SHANGHAI, Apr. 21 (SMM) – In Shanghai spot tin market, mainstream traded prices rebounded to RMB 110,800-112,000/mt on Monday. LME and SHFE tin stopped falling, and domestic supply fell, allowing prices to rally. Downstream producers and traders entered the market now that prices have stopped falling.
SMM surveyed market players in domestic tin industry.
Half of them expect tin prices to hold stable this week: mixed macro front will keep LME tin in check. Tin smelters in Yunnan and Jiangxi are holding back goods at lows prices against raw material shortages. This will allow spot prices to stabilize between 110,500-114,000/mt. SHFE 1507 tin contract should move between RMB 111,000-113,000/mt.
Another 30% are bearish: LME tin will test support at USD 13,600/mt as bears prevail. SHFE 1507 tin contract will be vulnerable at RMB 110,000/mt. Poor demand will send prices in domestic spot market down to RMB 108,000/mt.

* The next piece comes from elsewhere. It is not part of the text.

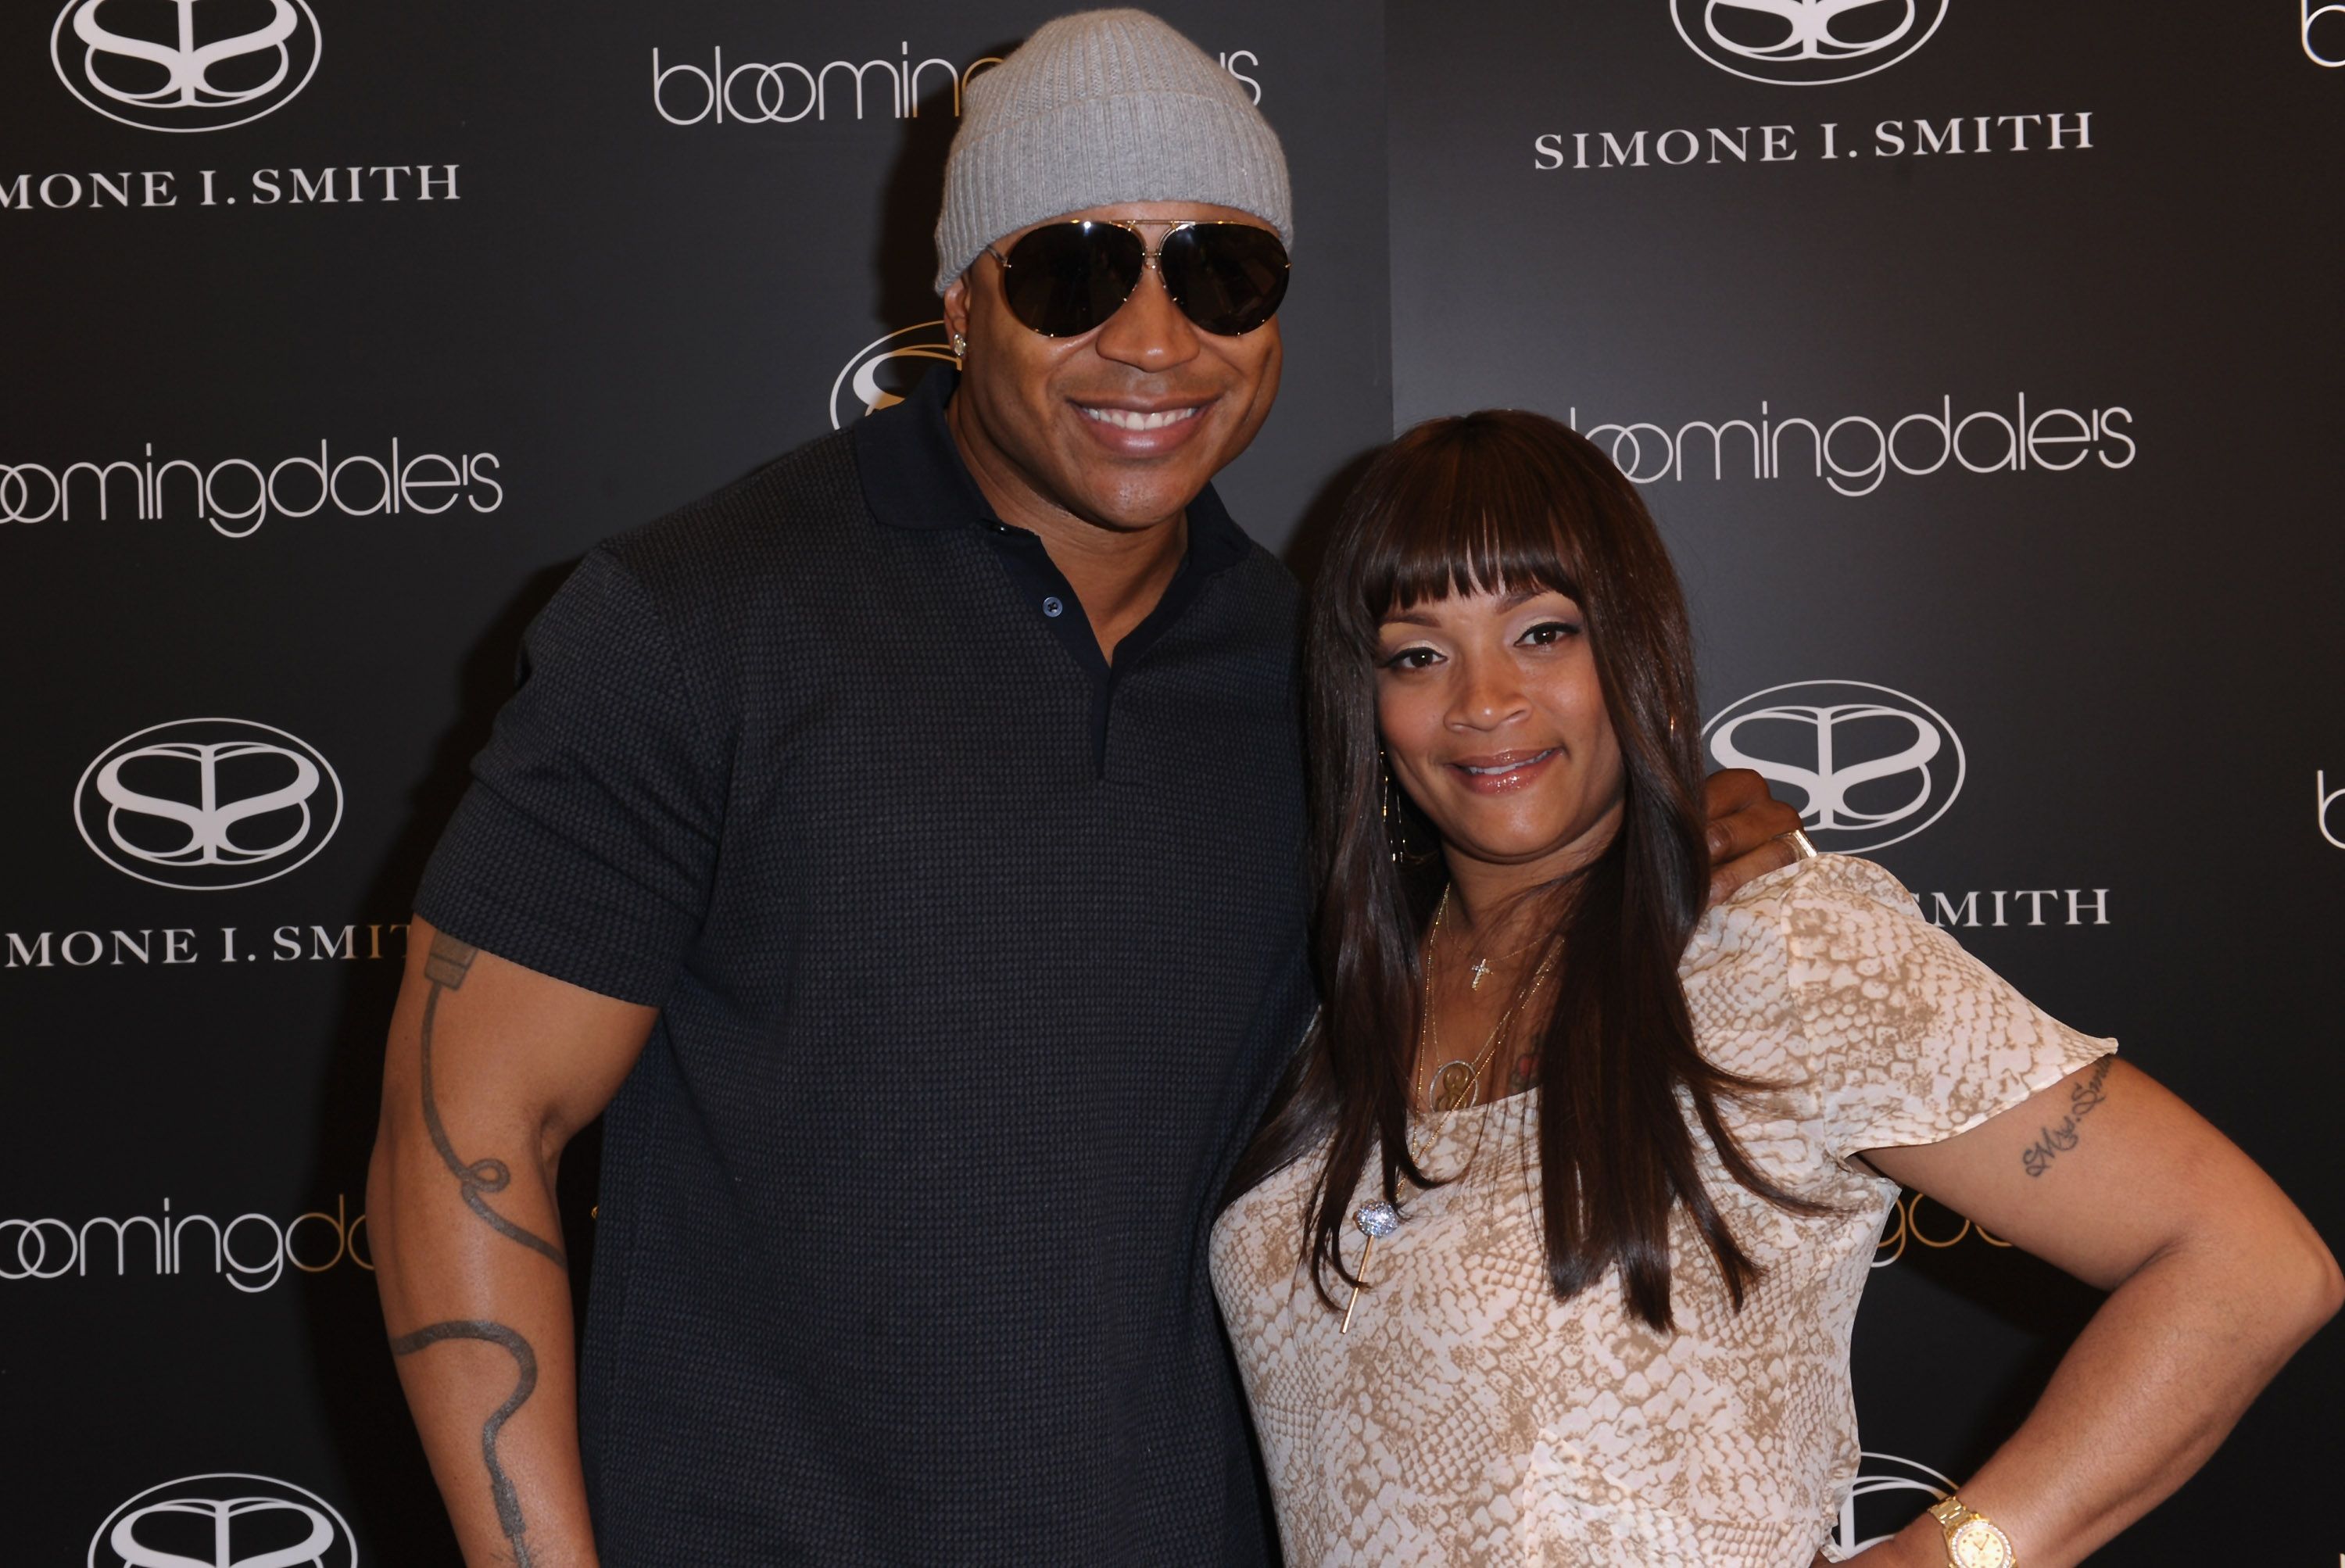  Actor LL Cool J and Simone I. Smith attend a personal appearance by Simone I. Smith at Bloomingdale's on May 12, 2011 in Century City, California | Photo: Getty Images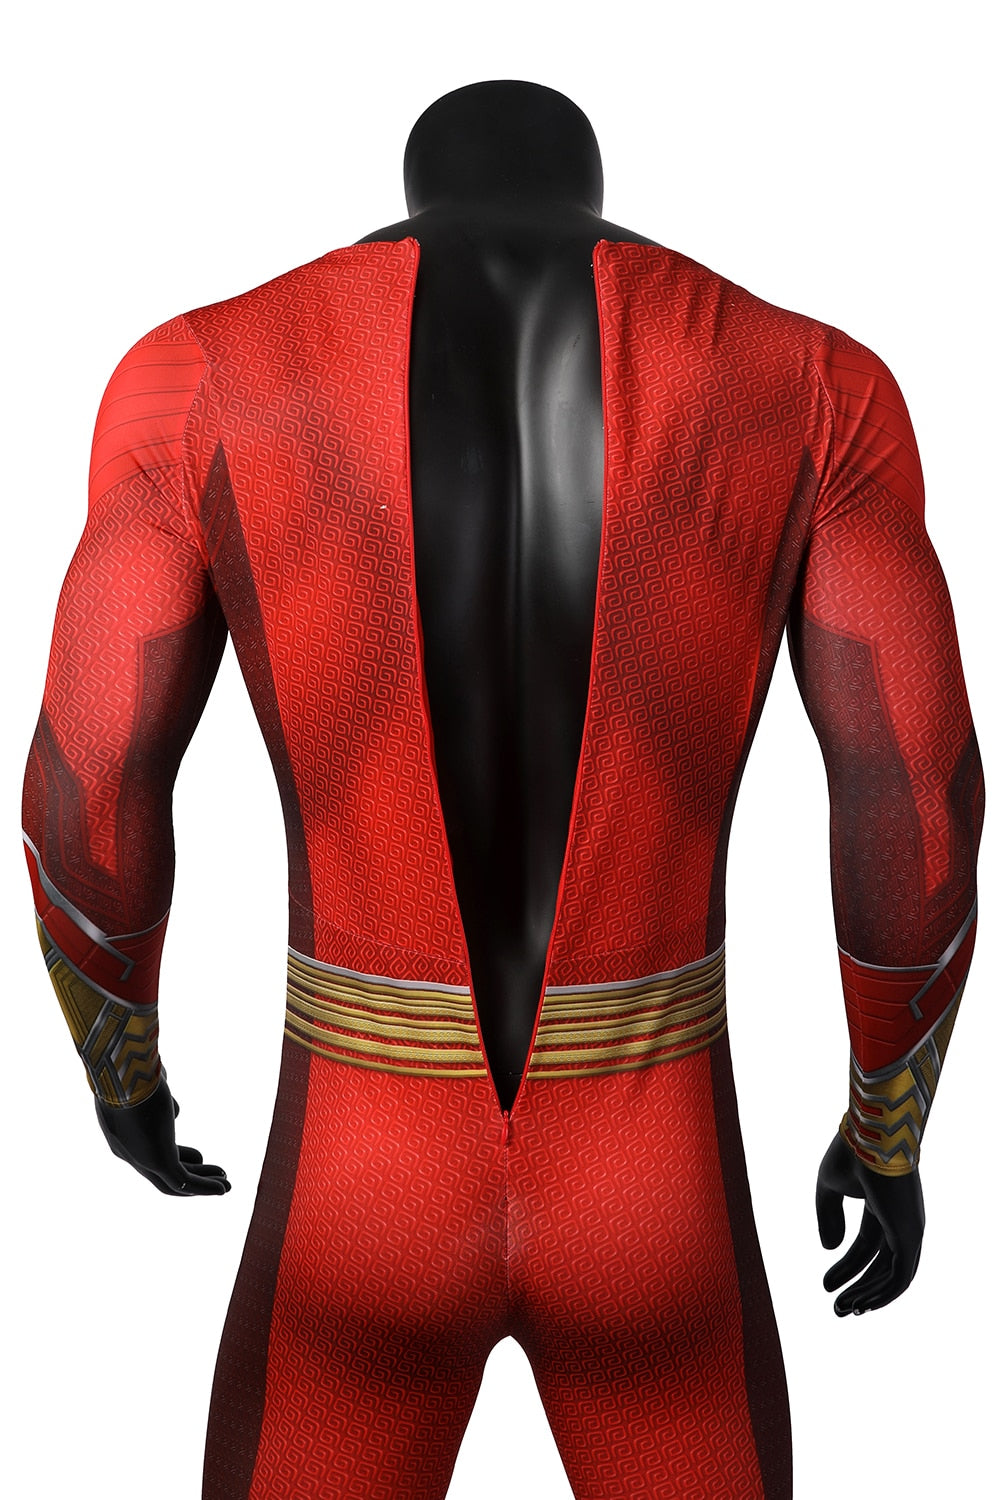 Disguise Billy Zentai Suit Red Man Shazam Cosplay Costume Outfit with Suit and Cloak 3D Printed Halloween Spandex Bodysuit

The remaining 20% are bullish: technically, LME tin is poised to challenge USD 15,500/mt. SHFE 1507 tin contract is expected to climb to RMB 112,000-115,000/mt. Small tin mines in Myanmar are cutting output against falling prices, and more mines are likely to follow suit should prices continue falling. This will affect raw material supply for tin smelters in China. In this context, market players are expecting that prices in domestic spot market will rise to RMB 111,000-115,000/mt.